The Long and Short Positions in Forex Trading

 The Long and Short Positions in Forex Trading

The basics knowledge of going long or short in forex are essential for all beginner traders. And taking long or short positions comes down to if a trader sees that a currency will appreciate or depreciate, relative to the other currency. Clearly put, every time a trader thinks a currency will appreciate, they will automatically go long the underlying currency. On the other hand, if the trader sees the currency to depreciate, they will go short the underlying currency.

Forex Trading’s Positions

 A forex position is the measure of a currency owned by an individual or entity who then has the experience of the movements of the currency against other currencies. And the position can be either short or long. Also, always remember that a forex position has three characteristics.
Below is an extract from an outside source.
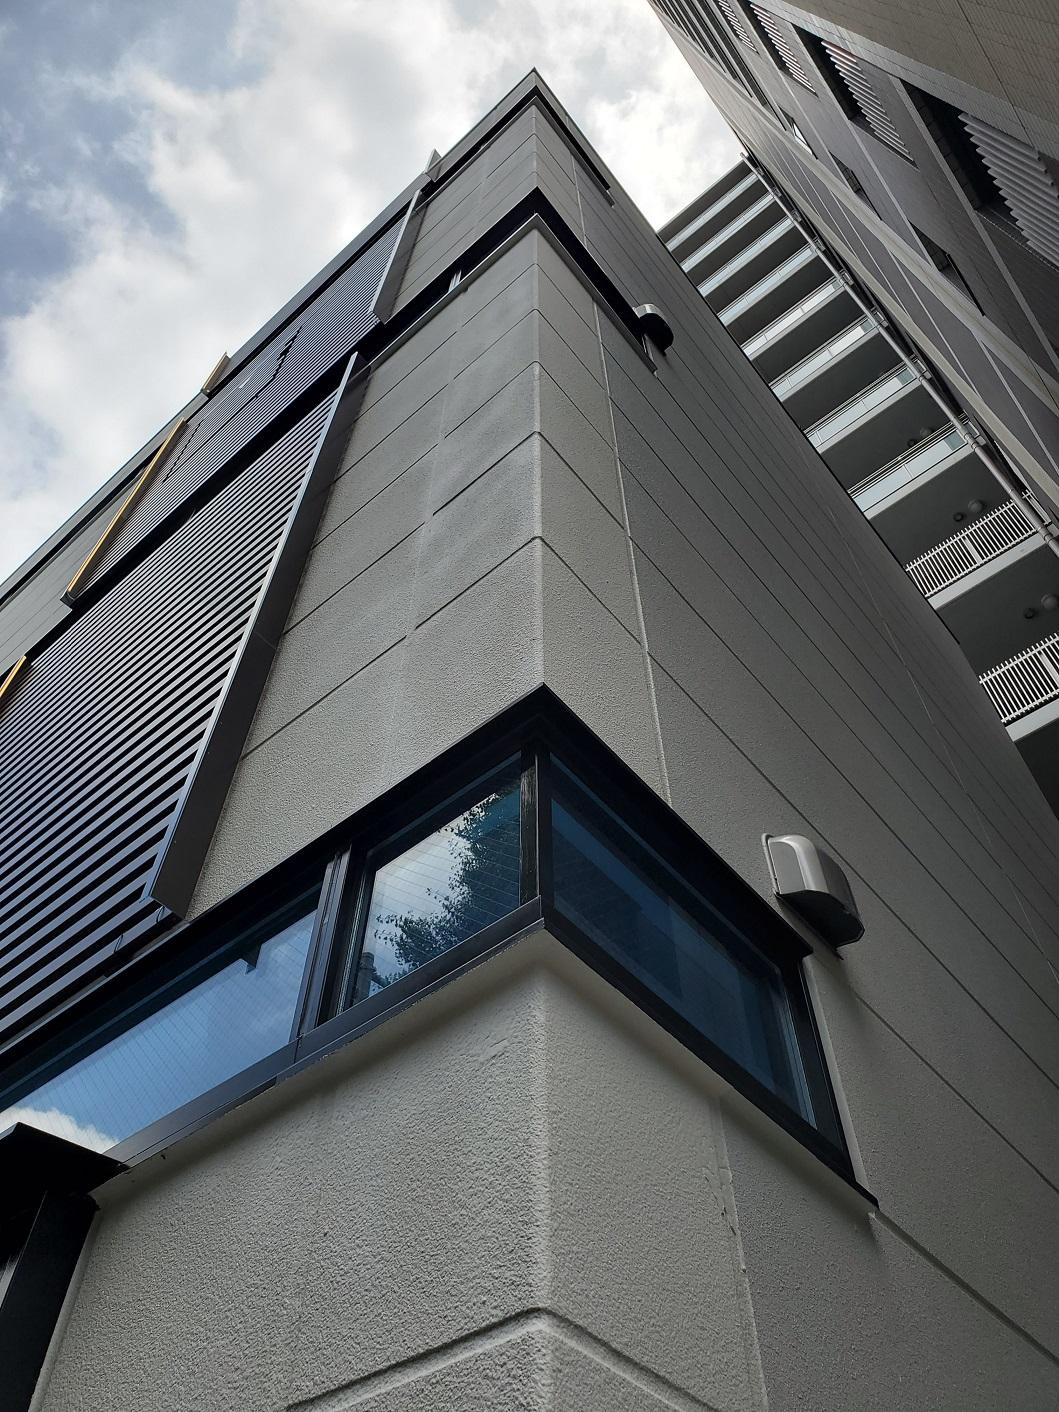 スチール製大型引戸&スチール製連装FIX・排煙窓|東京都渋谷区内某ビル

  1. The underlying currency pair
  2. The direction (Whether it is long or short)
  3. The size

Aside from that, traders can take positions in various currency pairs. If they assume that the price of the currency to appreciate, they should go long. The size of the positions they chose would depend on their account equity and margin requirements. A trader must utilize the right amount of leverage.

The Long Position

A long position is a performed trade where the traders foresee the underlying instrument to appreciate. For instance, when a trader makes a buy order, they hold a long position in the underlying instrument they thought, i.e., USD/JPY. Here, they are expecting the U.S. dollar to appreciate against the Japanese yen.

The Short Position

Then, a short position is basically the contrast of a long position. When traders enter a short position, they assume the price of the underlying currency to depreciate. To short a currency hints to sell the underlying currency in the faith that its price will go down in the future, letting a trader repurchase the same currency at a later date but a cheaper price. The difference between the higher selling price and the lower buying price is the profit. For example, if a trader shorts USD/JPY, they are selling USD to purchase JPY.